Millones de personas, incluidos políticos y autoridades, se postran sin saberlo ante este nuevo ídolo pagano del siglo XXI que es la identidad
La dictadura de la identidad EP
La lucha contra el racismo en EEUU, desencadenada tras la muerte de un hombre negro a manos de la policía de Minneapolis, se ha saldado con una petición de pena para el presunto homicida de cuarenta años de prisión y una condena unánime a nivel mundial. Los disturbios generados por los autoproclamados antifascistas han causado al menos doce muertos, algunos de raza negra, miles de lesionados e incuantificables daños materiales. Pues no se lo van a creer, pero para millones de personas, entre los que se encuentran varios líderes mundiales, sólo es condenable el primero de los delitos. En cuanto al resto, mejor hacer como que no han existido.
Y es que hay muertos y muertos, dependiendo de cómo se les pueda exprimir políticamente. Es duro decirlo, pero la verdad no desaparece porque nos neguemos a mirarla a la cara. En España, el Gobierno y sus medios afines consiguieron sustraer de la realidad del confinamiento las muertes por coronavirus de casi 50.000 compatriotas. Nos sumergieron en una distopía en la que la rutina diaria consistía en un bombardeo mediático constante sobre las ventajas de permanecer encerrados entre cuatro paredes, sazonada con mítines del presidente y sus ministros. Muchos reaccionaron con un enorme grado de ofensa e indignación cuando un periódico mostró imágenes del interior de una morgue. La realidad crispaba y era generadora de odio y de desafección al Gobierno. Vamos ya para tres meses de pandemia declarada y se podría decir que las únicas imágenes que hemos visto de lo acontecido en los hospitales y en los cementerios provienen del extranjero.
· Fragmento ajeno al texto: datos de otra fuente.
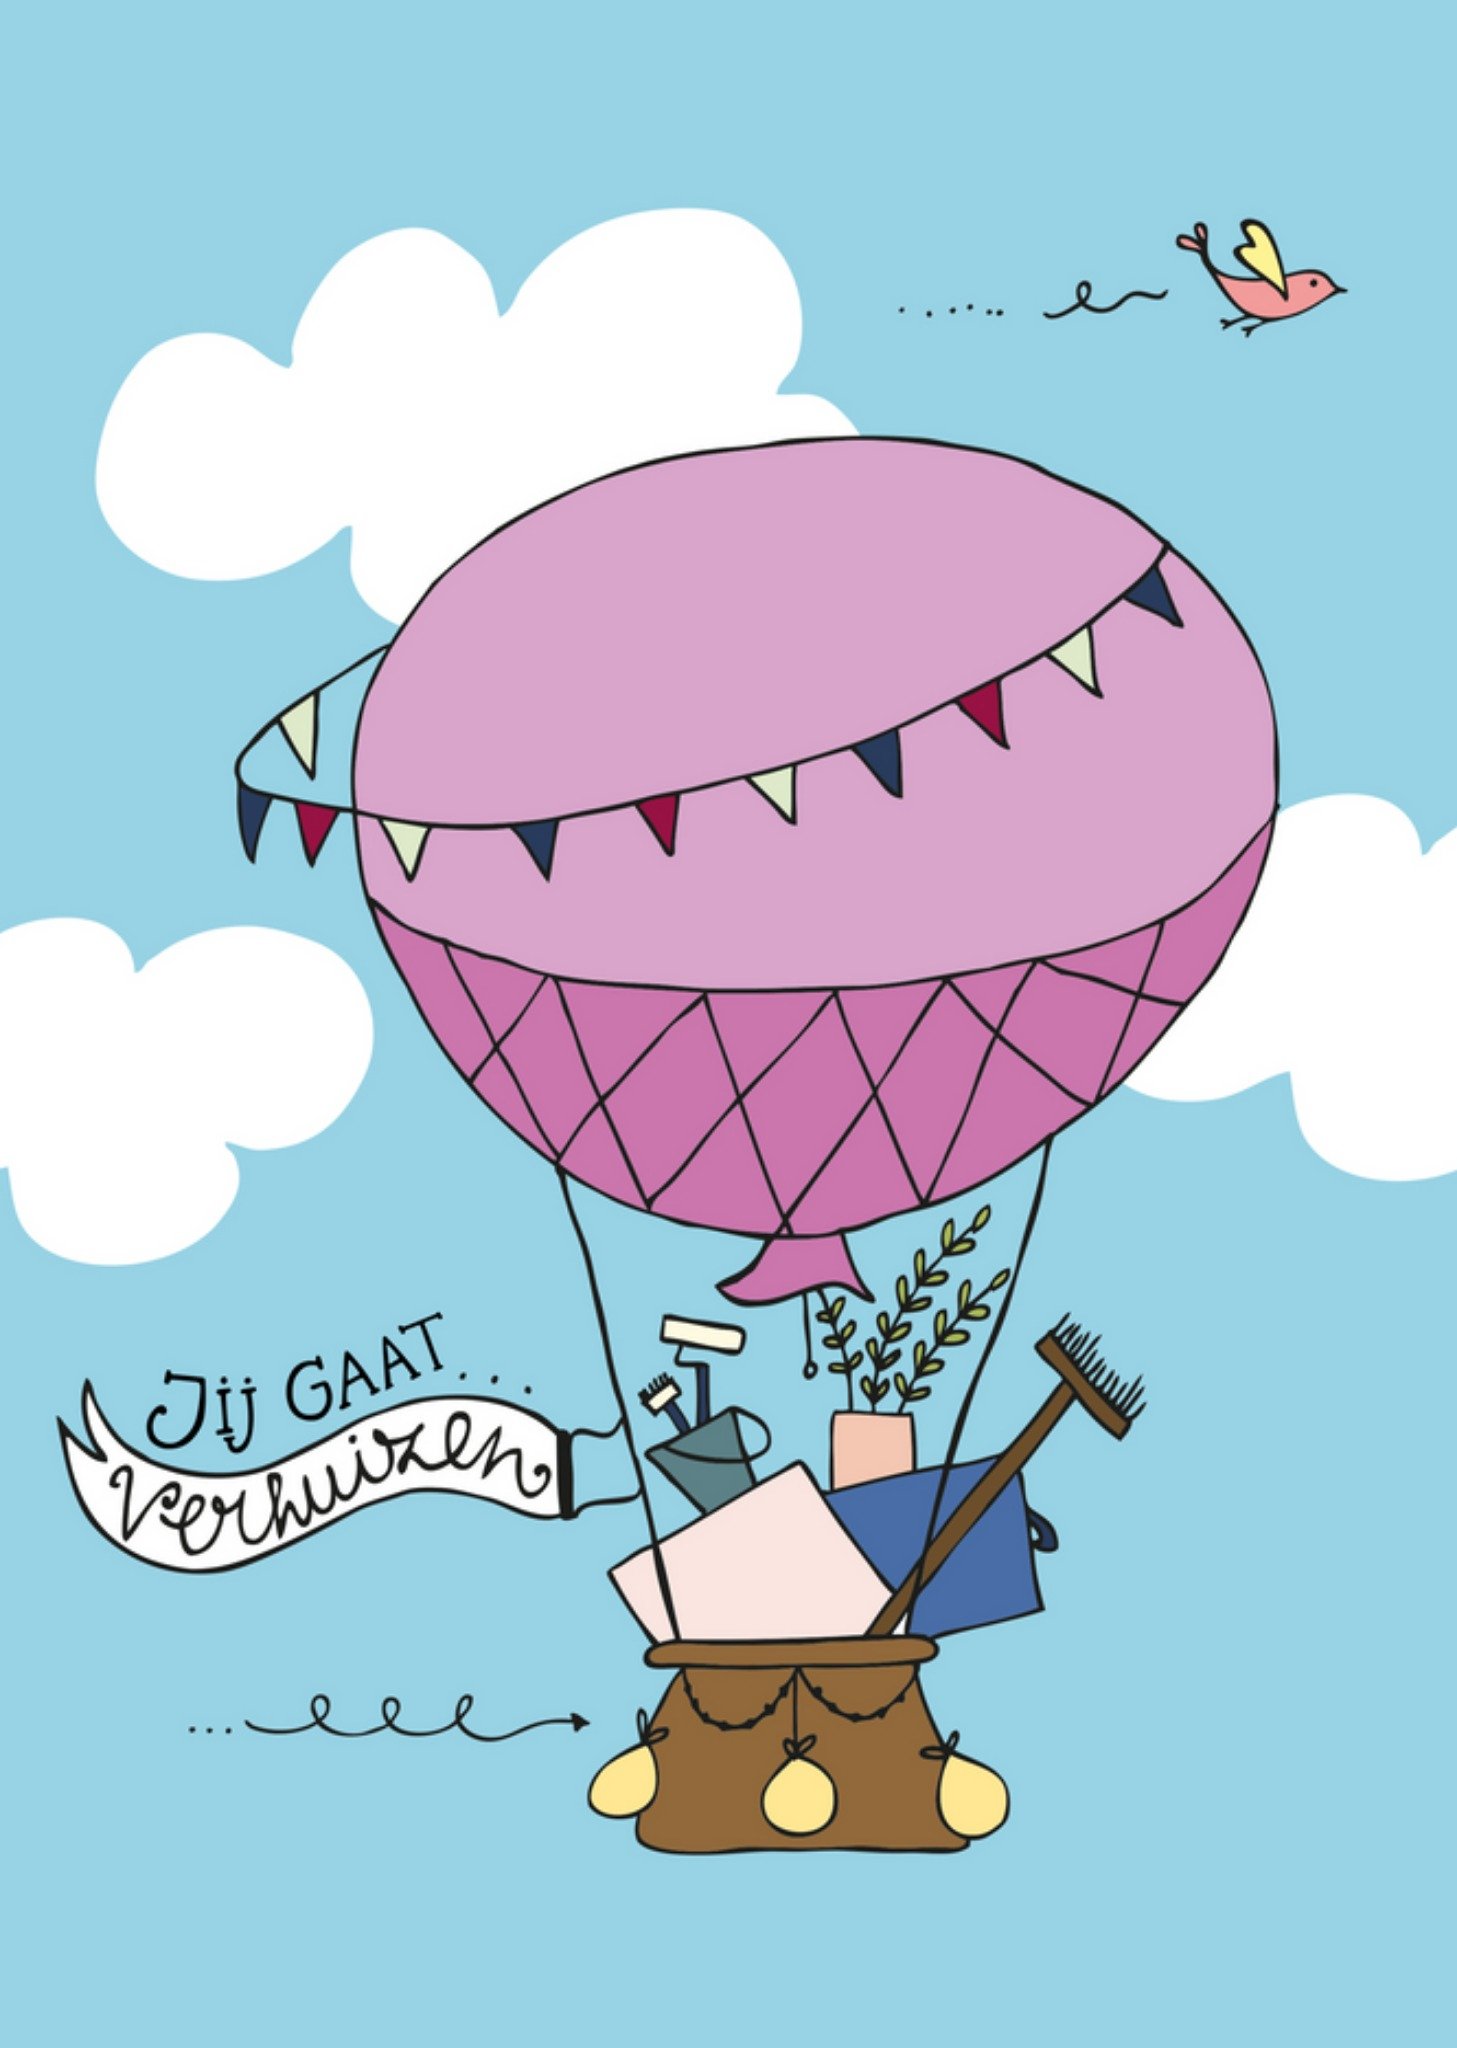 Funny Side Up - Nieuwe Woning kaart- Heteluchtballon

Dar visibilidad a la muerte
Y es que el virus mata sin entender de identidades ni de grados de opresión. No hay manera de vender que el virus es un constructo social, al contrario de lo que sucede con el género o la raza, así que sus muertos no interesan. Por eso no han tenido reparo en seguir durante la pandemia con esa infame costumbre gubernamental de confirmar “presuntamente” asesinatos por violencia de género, aunque horas después se descartarse la autoría del hombre acusado. Tampoco en reproducir hasta la saciedad las imágenes de la muerte de George Floyd a manos de un policía al otro lado del océano. Y lo de nuestros 50.000 muertos es como si nunca hubiese sucedido. Dar visibilidad a la muerte, como parte de la estrategia de politización del dolor, va por barrios. Y lo mismo que un día algo ofende profundamente la sensibilidad de algunos, al día siguiente se convierte para los mismos en una necesaria herramienta de concienciación social.
Vamos dando pasos agigantados hacia una sociedad en la que la clave no es el qué, sino en nombre de qué. Hay causas e ideologías a cuyos actos se les atribuye un plus de bondad intrínseca que los justifica, por muy abominables y repugnantes que éstos sean. Otros, sin embargo, son execrables sin más. No es lo mismo que un policía cause la muerte por asfixia a un hombre negro, que el que una turba asesine de un disparo a un policía negro en respuesta a este suceso. No es lo mismo que un varón golpee a su pareja que el que su pareja lo golpee a él. No son lo mismo los escraches a un político de derechas que los escraches a políticos de izquierdas. No son lo mismo los ejecutados por el terrorismo etarra que los chavales de Alsasua. Tampoco son lo mismo las muertas por contagiarse en uno de los tantos eventos que no se prohibieron para que se celebrasen las manifestaciones del 8-M, que las fallecidas por violencia de género. Finalmente, no es lo mismo el fascismo que el comunismo, porque los millones de muertos que causó el segundo no son achacables a la ideología, sino a su defectuosa forma de ejecución. Y así podríamos pasarnos horas y horas.
Lo cierto es que Occidente ha encontrado un nuevo tótem en torno al que volver a inmolarse: las identidades colectivas oprimidas. En el periodo de paz más largo de la de nuestra historia reciente, cualquier hecho social en el que aparezca involucrado un sujeto digno de ser englobado en la categoría de víctima oprimida o victimario opresor se convierte en un catalizador. En torno a él se crea una emergencia social a la que se confieren unas dimensiones que distan mucho de las del problema real, que ignoran su complejidad y cuya instrumentalización política apenas aporta nada a su solución. Llámese Black Lives Matter, llámase Me too o como se quiera: el caso es que el racista eres tú, el asesino eres tú y el violador eres tú y no el señor o señora que cometió el acto o hecho concreto.
Millones de personas, incluidos políticos y autoridades se postran, sin saberlo, ante este nuevo ídolo pagano del siglo XXI que es la identidad. Asumen como señal de respeto lo que no es más que un símbolo de humillación, que es el paso previo a la sumisión.